TRY IT → Please give every line below again exactly, but not its pictures.

DATASET SECTION →
=== Section Start ===
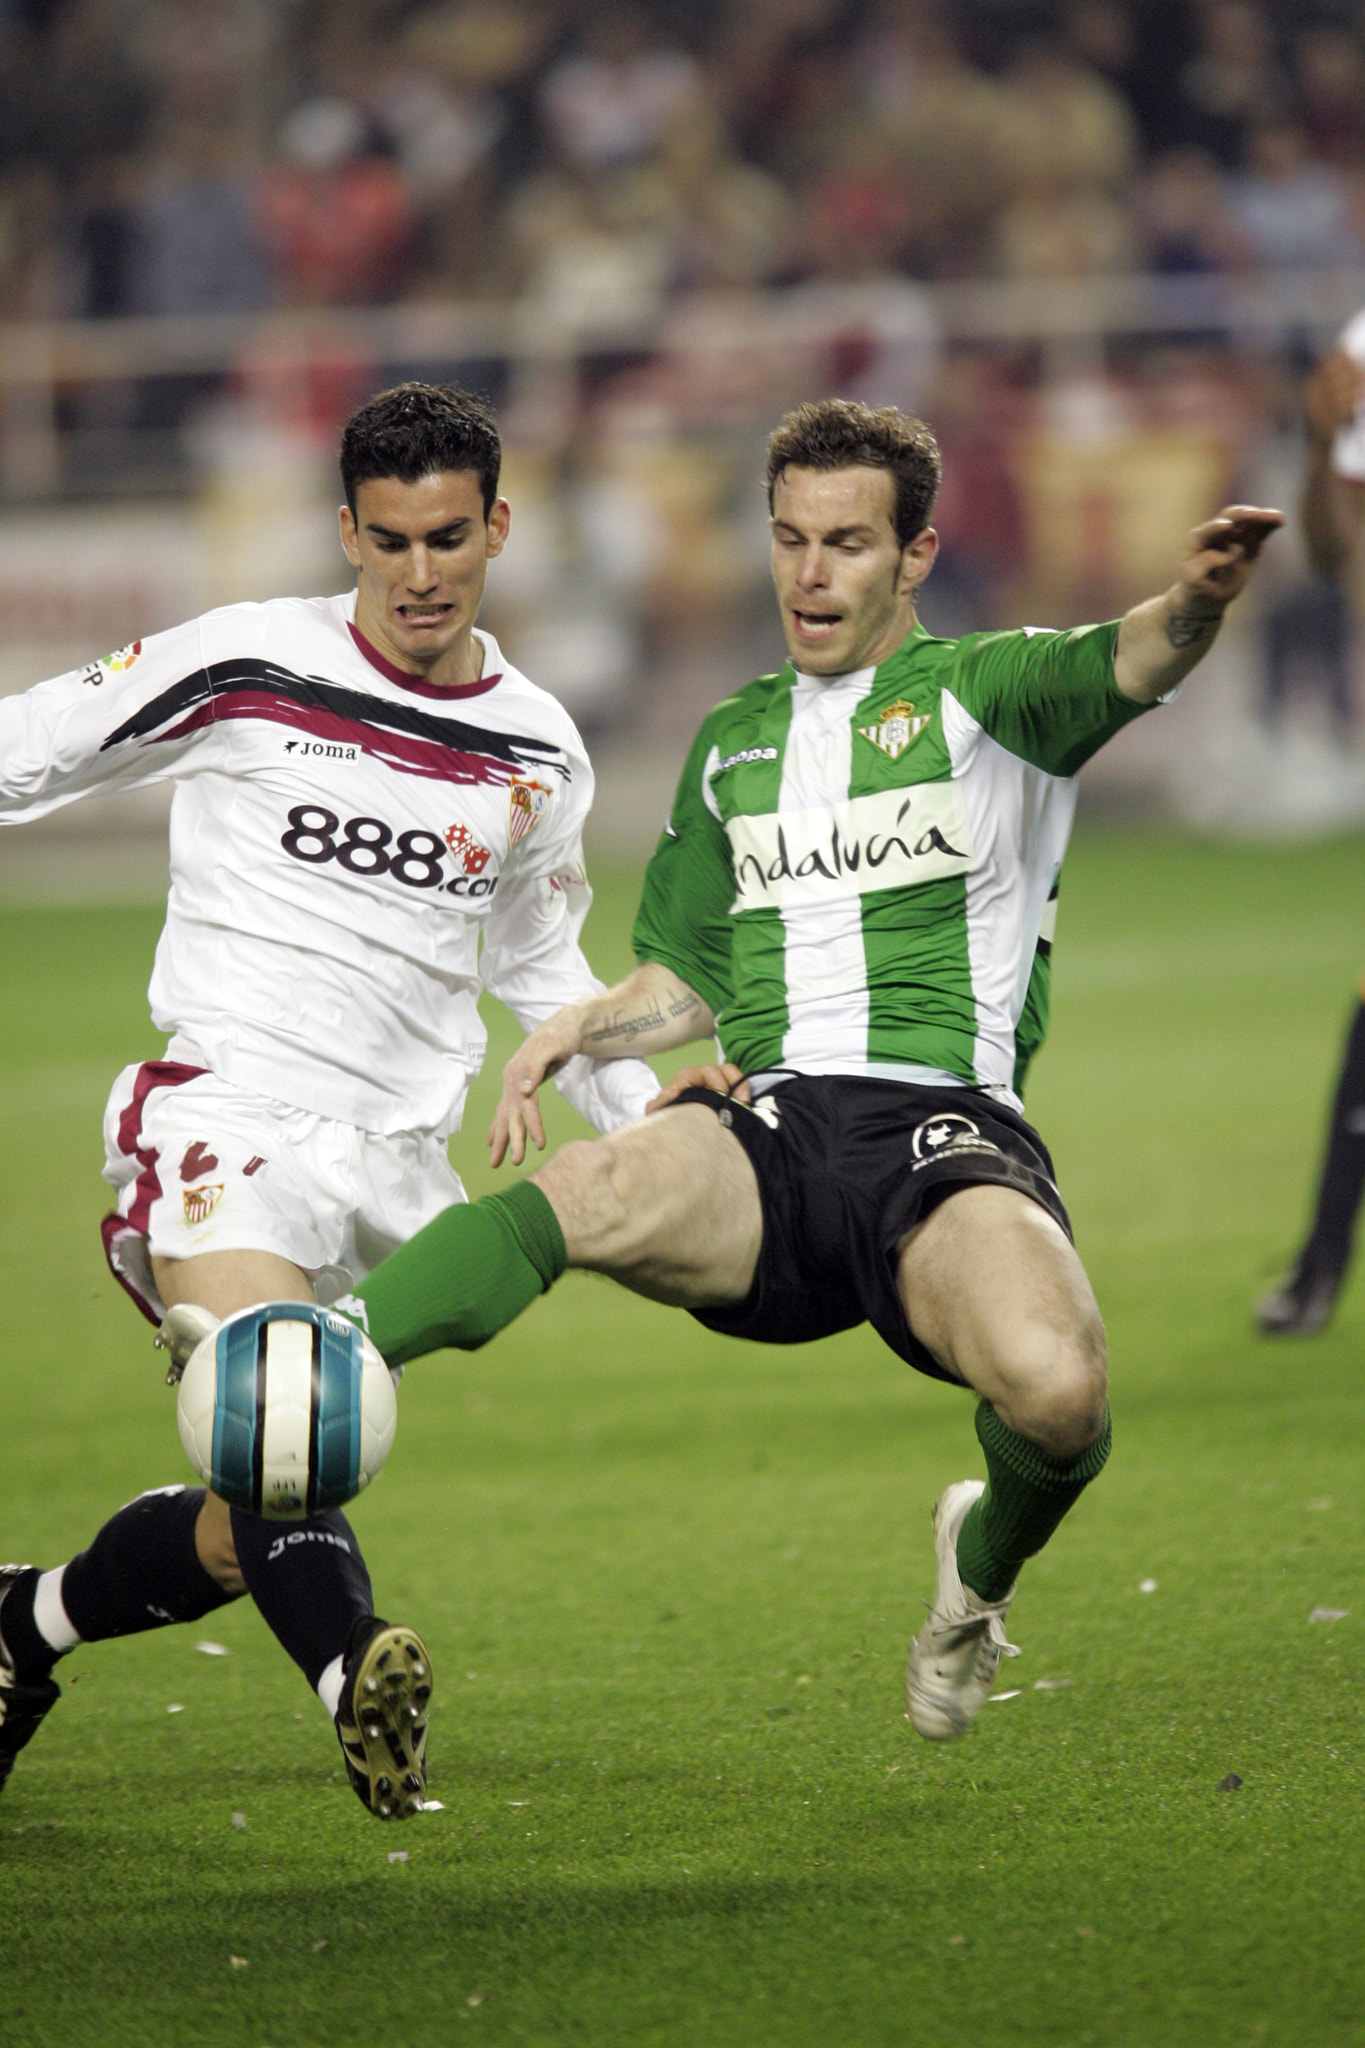 Fernando Vega (Betis) and Alejandro Alfaro (Sevilla) fighting for the ball. Taken at Sanchez Pizjuan
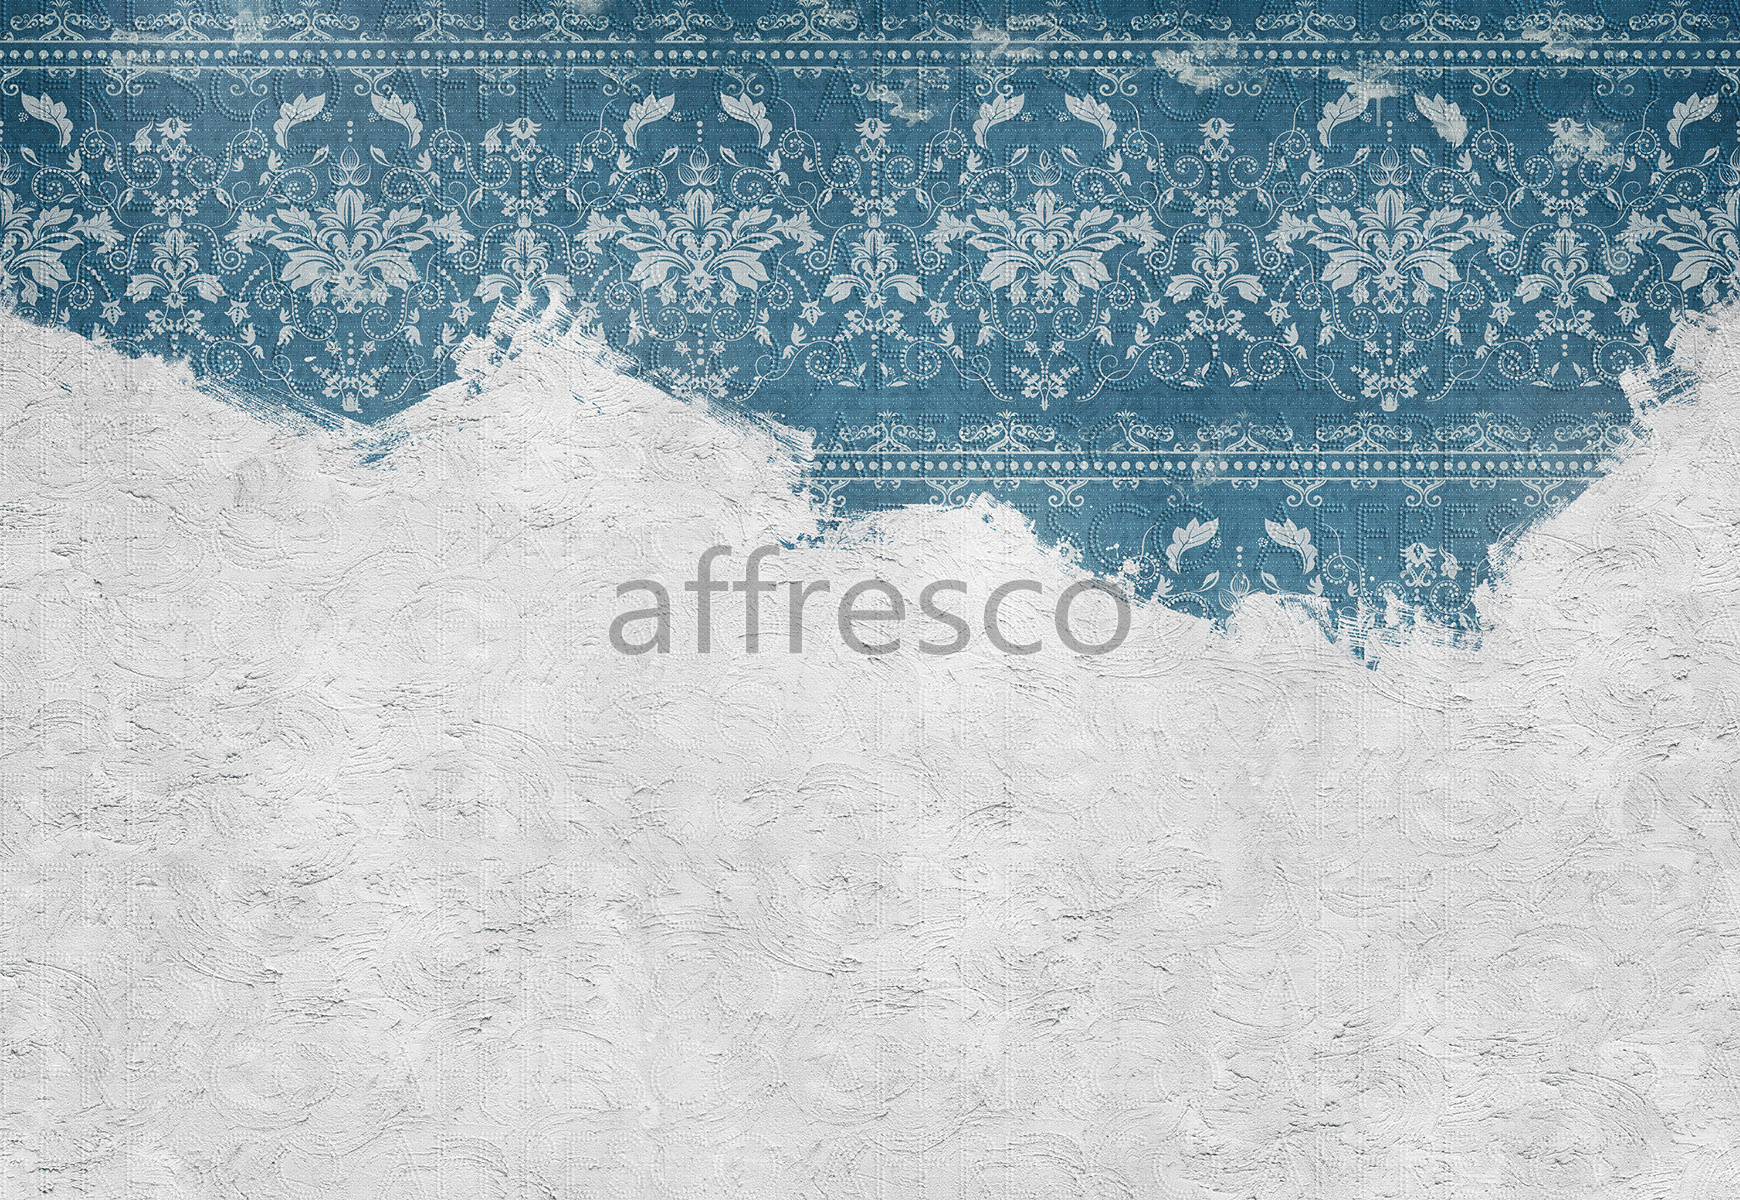 ID135766 | Textures | Старый орнамент | Affresco Factory
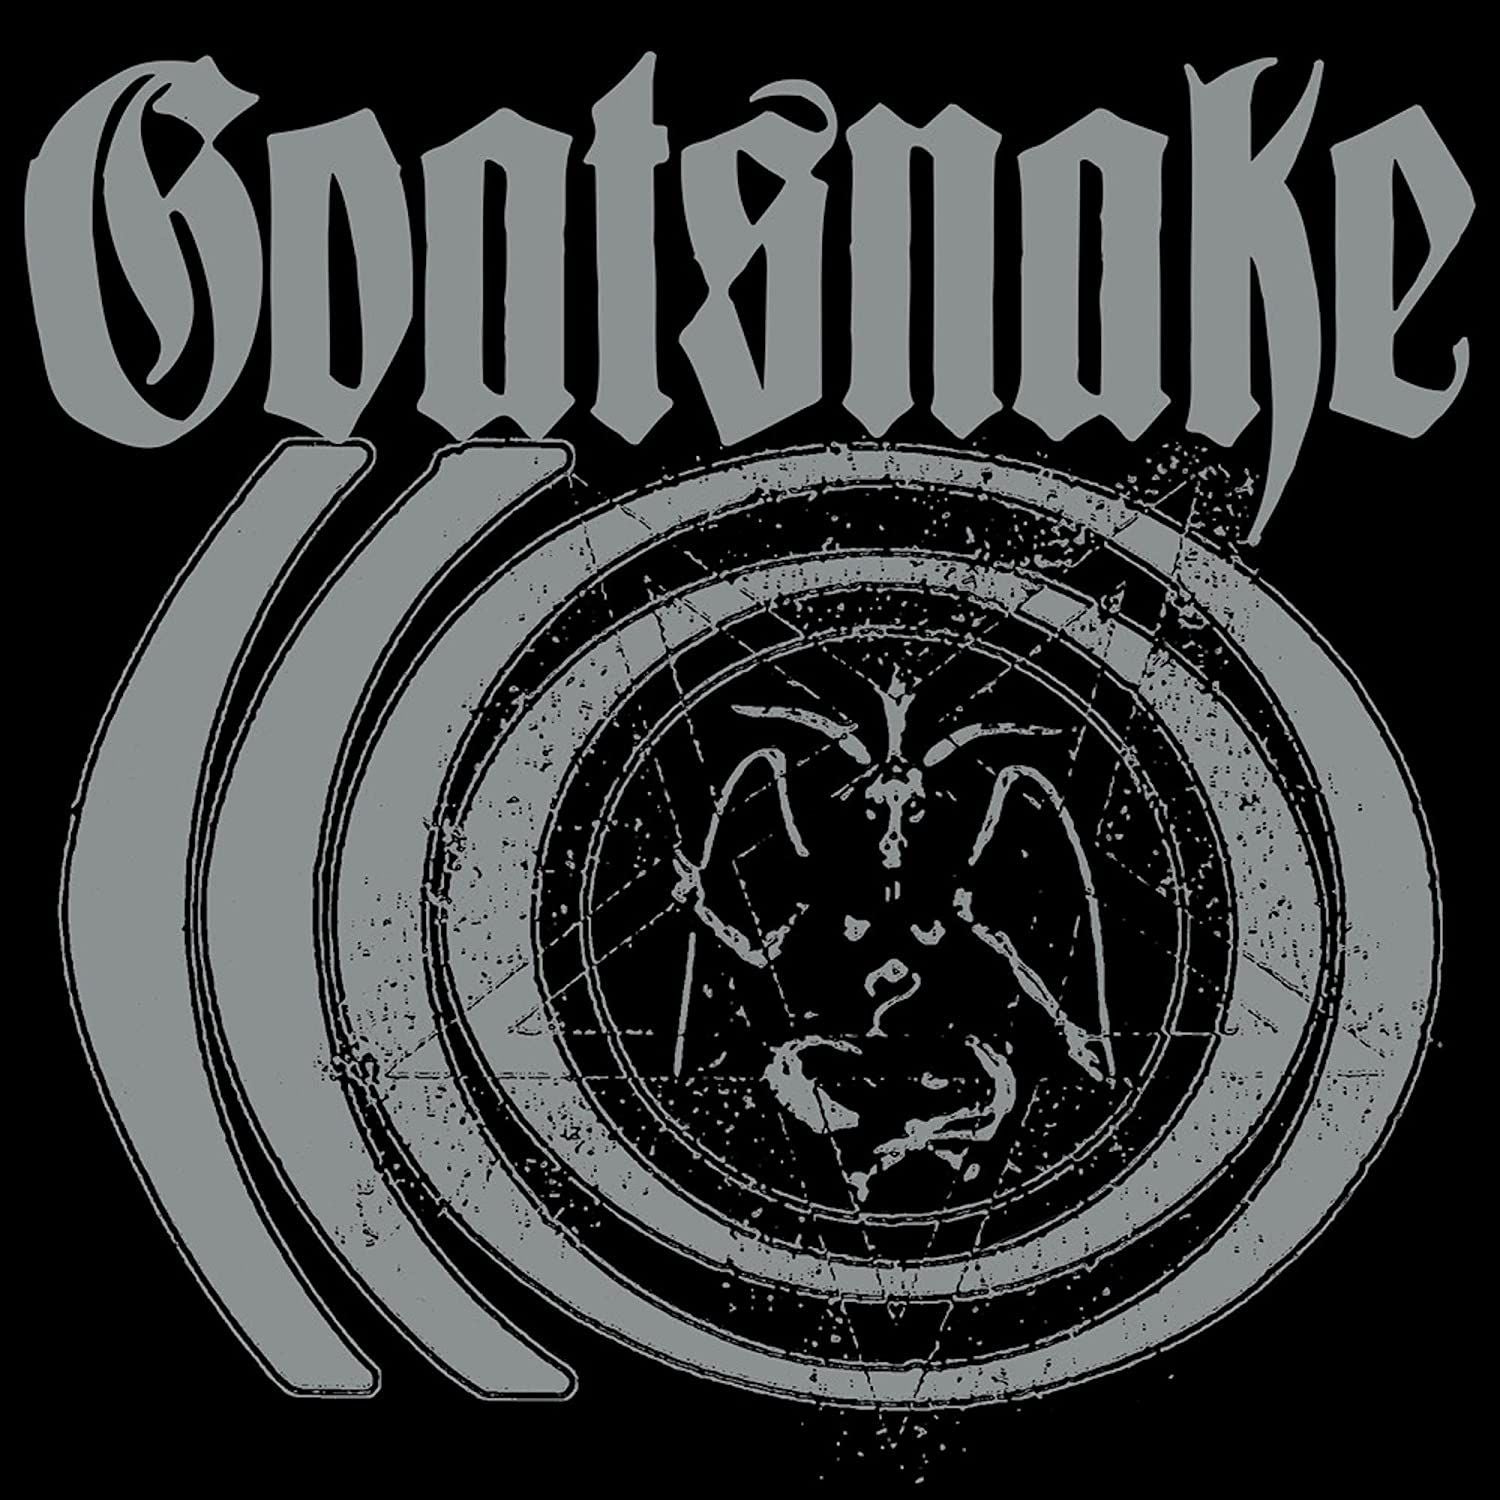 Goatsnake - 1 (Ltd. Ed. 2022 Transparent Red vinyl reissue - 500 copies) - Vinyl - New
=== Section End ===
TASK RESPONSE →
 Fernando Vega (Betis) and Alejandro Alfaro (Sevilla) fighting for the ball. Taken at Sanchez Pizjuan
 ID135766 | Textures | Старый орнамент | Affresco Factory
 Goatsnake - 1 (Ltd. Ed. 2022 Transparent Red vinyl reissue - 500 copies) - Vinyl - New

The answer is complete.